Он вышел в соседнюю комнату, посреди которой возвышался тщательно накрытый стол: белоснежная скатерть, серебряные приборы, массивный, старомодный фарфор, высокие стулья с прямой спинкой и бархатными сиденьями. Занавеси были те же самые. Комната освещалась большой люстрой с пергаментным абажуром на каждой лампочке. Отец уселся во главе стола, мать – напротив, а Луиза со Стеллой по бокам от него. Тут же появилась тетя Анна, за ней – маленькая горничная, почти скрытая огромной супницей на подносе. Миссис Роуз разлила суп по тарелкам.
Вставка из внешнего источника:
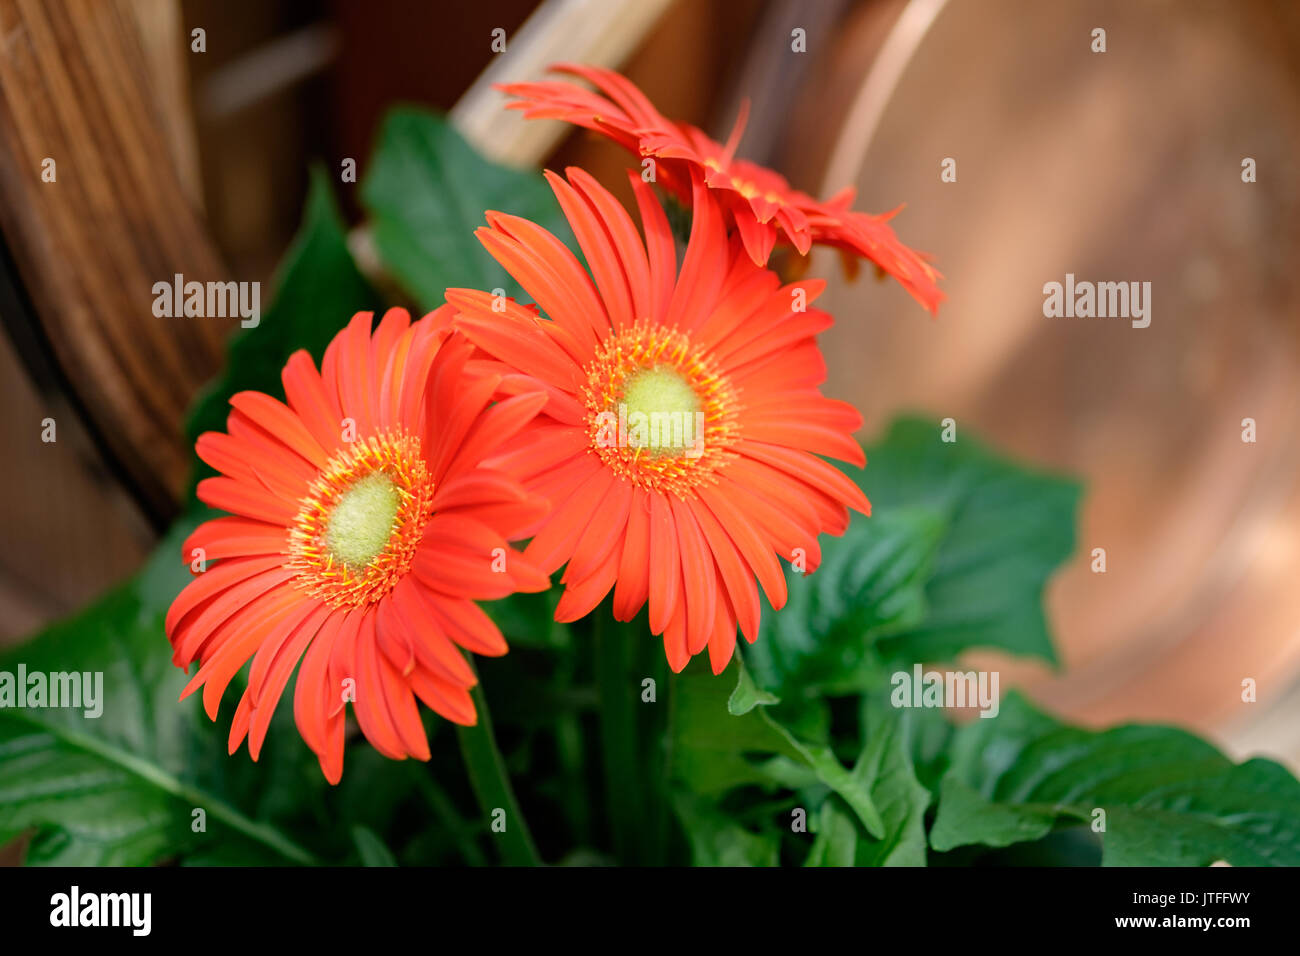 Red shasta daisies growing in a plant nursery setting. Stock Photo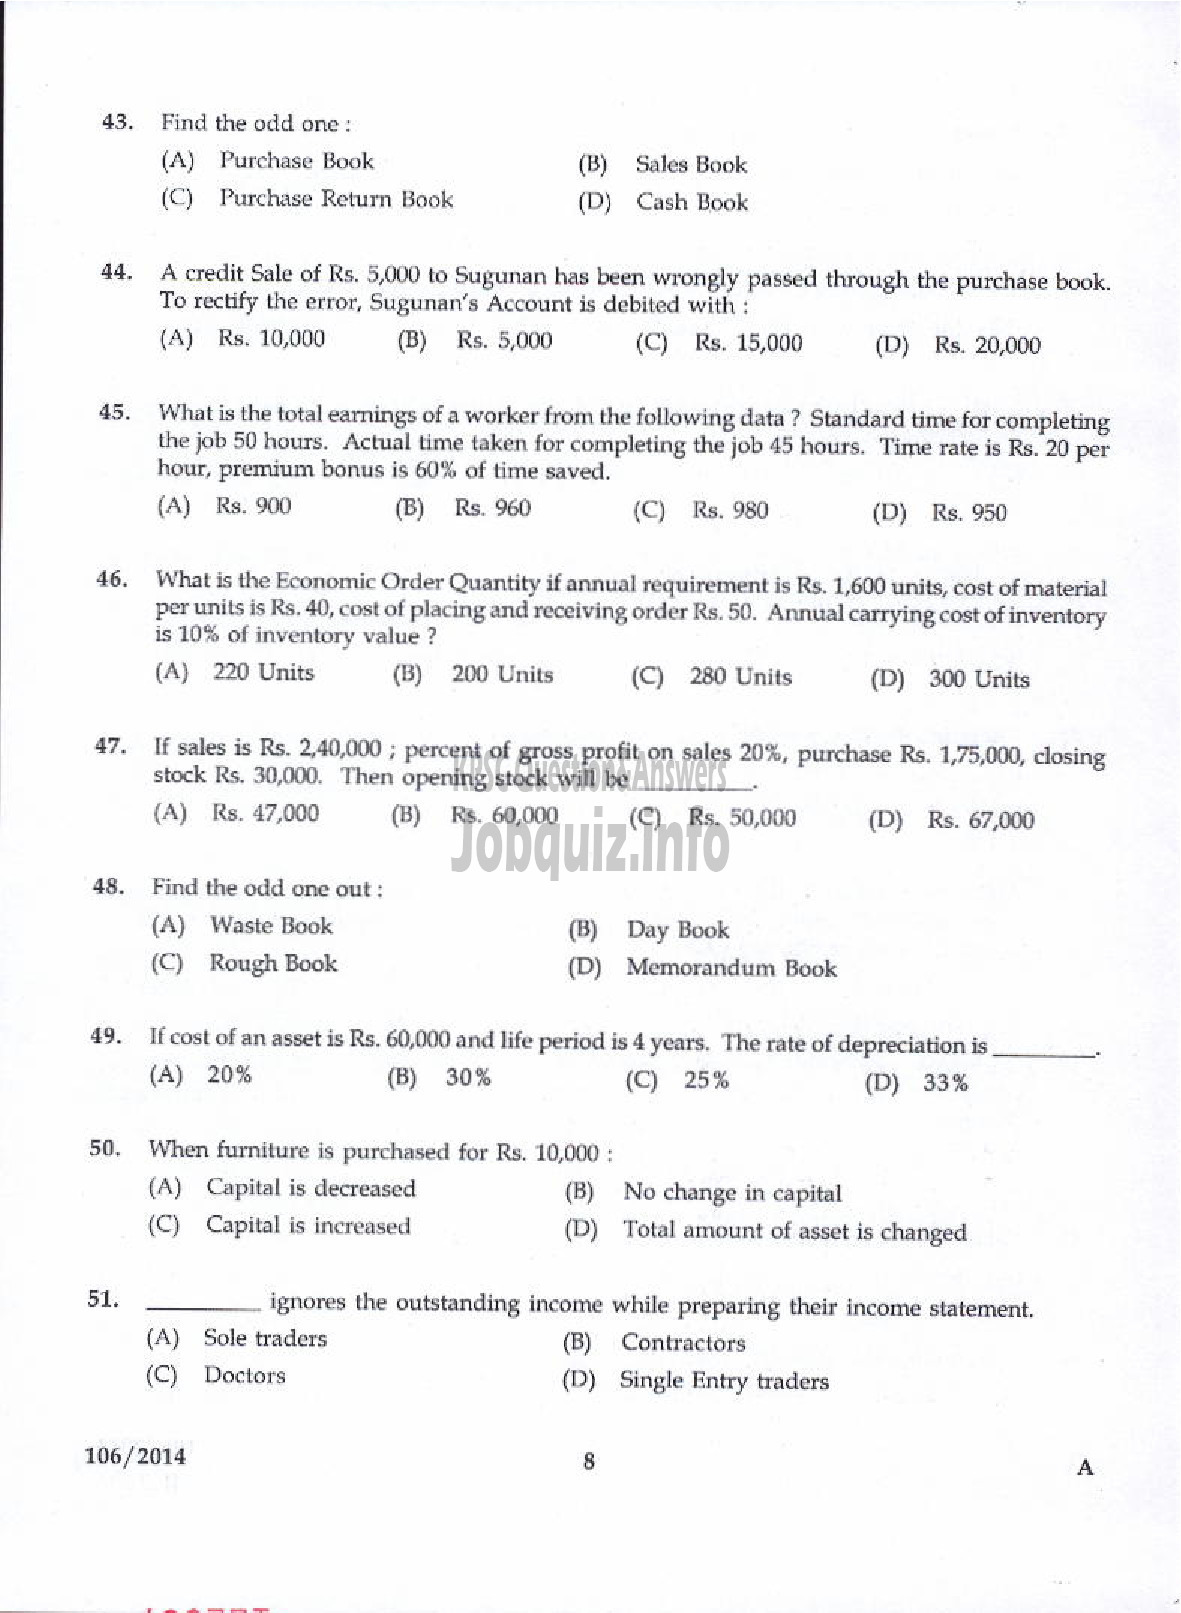 Kerala PSC Question Paper - DIVISIONAL ACCOUNTANT KERALA WATER AUTHORITY PRELIMINARY TEST-6

Луиза не привыкла к супу; пахло сильно, хотя и соблазнительно. В бульоне плавали клецки, и она растерянно уставилась на них, не зная, как подступиться.
Заметив это, мистер Роуз спросил:
– Луиза, вы еще не пробовали Leberklösse?[5] Очень вкусный.
Он зачерпнул полную ложку и отправил в рот. Луиза повторила за ним. Клецка обожгла рот, и она инстинктивно выплюнула ее обратно в ложку. Разумеется, все это увидели, и она покраснела.
– Это все Отто виноват, – ласково успокоила ее миссис Роуз. – Он всегда ест прямо с огня.
Луиза выпила воды.
– Очень разумно с вашей стороны, – прокомментировал мистер Роуз. – Сожжешь язык и перестанешь чувствовать вкус еды.
Какой добрый, едва успела подумать Луиза, но тут он швырнул ложку на стол и чуть ли не закричал:
– В супе нет сельдерея! Анна! Как ты могла забыть столь важный ингредиент?
– Отто, я не забыла, просто не нашла. Остался только с белыми стволами, без листьев. Что мне было делать?
– Сварить другой! В твоем репертуаре четырнадцать супов, бо́льшая часть из которых не требует листьев сельдерея. И нечего на меня смотреть, женщина, это не конец света! Я просто говорю, что так быть не должно.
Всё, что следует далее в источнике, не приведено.